English businessman and musician (1930–2024)

Sir Ernest Hall (19 March 1930 – 3 August 2024) was an English businessman, known for his restoration of Dean Clough Mills in Halifax. He was also a pianist and composer.

==Early life and education==
Hall was born in Bolton, Lancashire on 19 March 1930. He was educated at Bolton College Grammar School and the Royal Manchester College of Music. This was followed by two years of National Service.

==Career==
Hall made his first fortune in textiles. He then sold property through the Mountleigh Group. In 1983, Hall sold his company for £40 million. He led a consortium, in which he invested £20 million, that purchased a disused carpet mill complex, Dean Clough Mills, and converted it into an arts, business, design and education complex.

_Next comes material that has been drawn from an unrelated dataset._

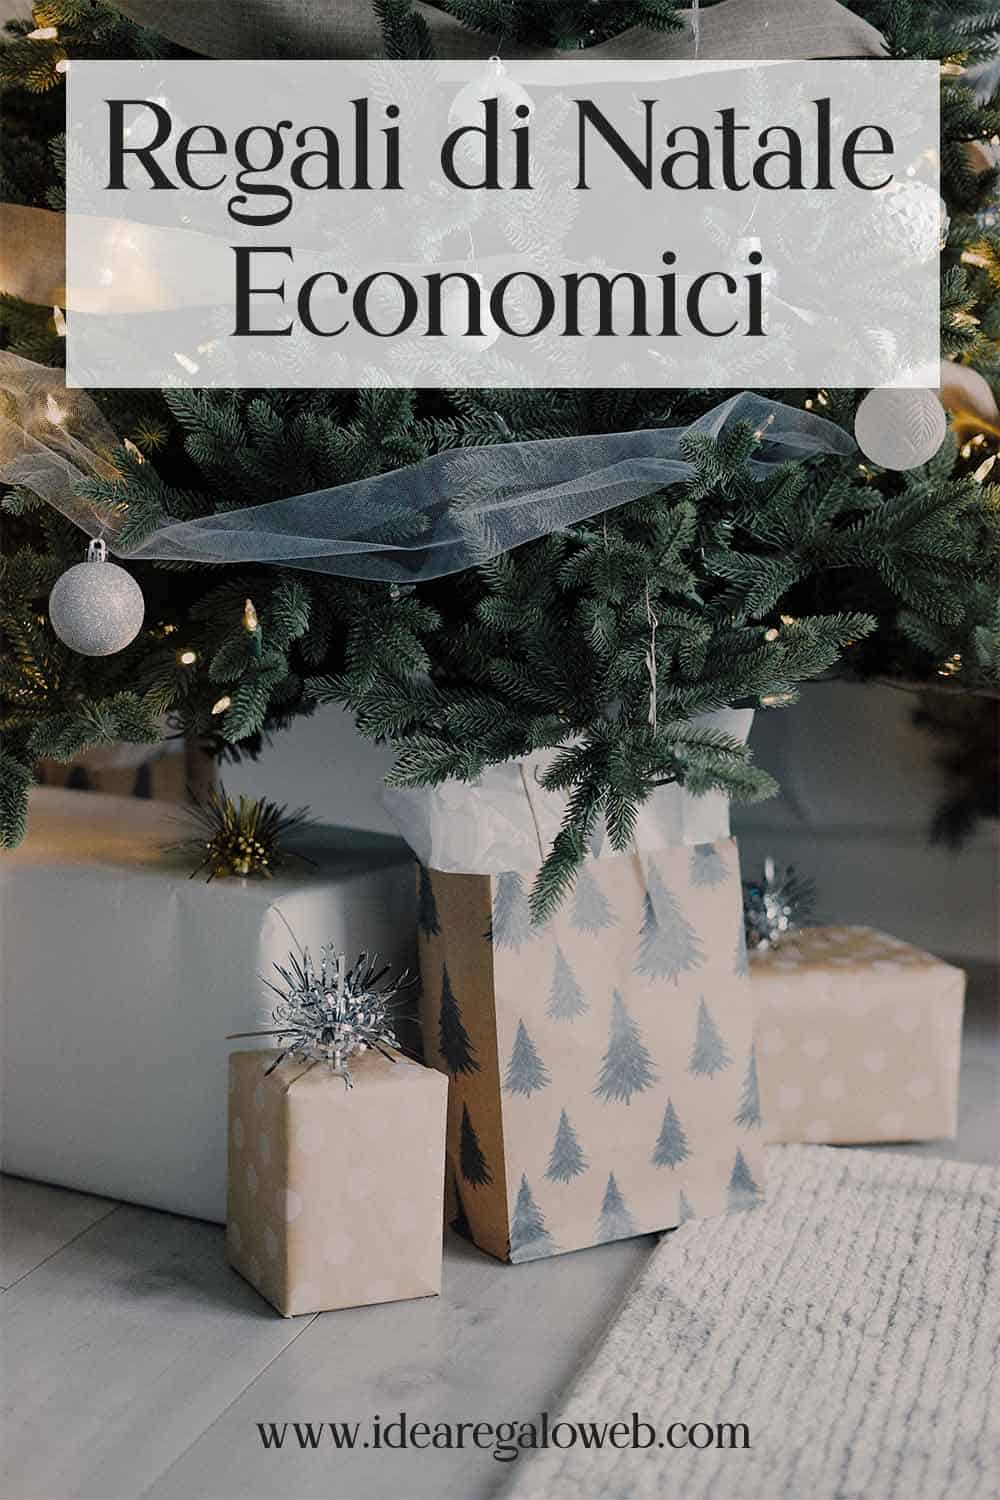 Regali di Natale Economici - copertina - 1000x1500 idearegaloweb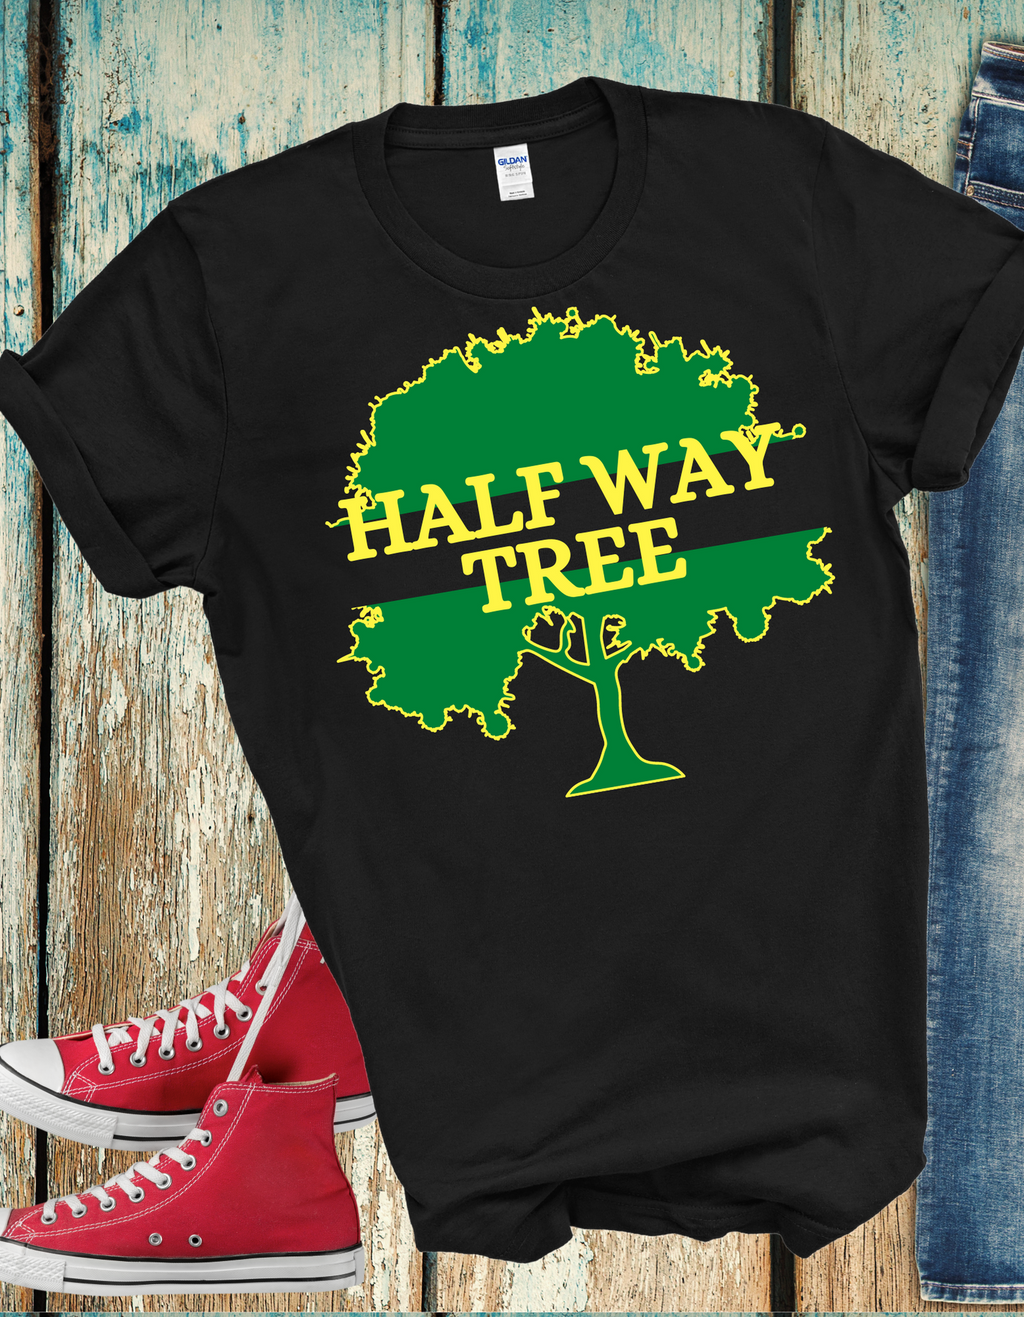 Half Way Tree tees.

He was appointed an Officer of the Order of the British Empire (OBE) in the 1986 Birthday Honours and knighted in the 1993 Birthday Honours for services to Training and Enterprise.

==Music==
Hall studied at the Royal Manchester College of Music between 1947 and 1951, performing Chopin's 12 Etudes Op 10 at the age of 19. His fellow students there included Martin Milner and later John Ogdon. It was Ogdon's superior virtuosity that discouraged Hall from becoming a professional musician. When he was 65 he recorded the three piano concertos of Bela Bartok with the Sinfonia of Leeds, following this with the complete piano works of Chopin (from aged 70). He gave a public performance of Busoni's Piano Concerto in March 2003 with the Sheffield Symphony Orchestra. Hall composed two piano sonatas.

He appeared as a castaway on the BBC Radio 4 programme Desert Island Discs on 26 April 1998, choosing Schubert's "Piano Trio in B Major", the collected works of William Blake, and a piano as his favourite record, book and luxury item respectively, and appeared on the Radio 3 programme Private Passions on 18 September 2005.

==Personal life==
Hall had homes in Lanzarote and in France.

In 1951, Hall married firstly June Annable (died 1994), and had two sons and two daughters. He married secondly in 1975 Sarah Wellby, with whom he has a third son.

In 2009, he revealed that he was in a romantic relationship with his long-time friend, the cookery writer Prue Leith.

Hall died at home on 3 August 2024, at the age of 94.

==Autobiography==
His autobiography, How to Be A Failure and Succeed, was published in 2008.

==Bibliography==
- Hall, Ernest (2008). "How to Be A Failure and Succeed"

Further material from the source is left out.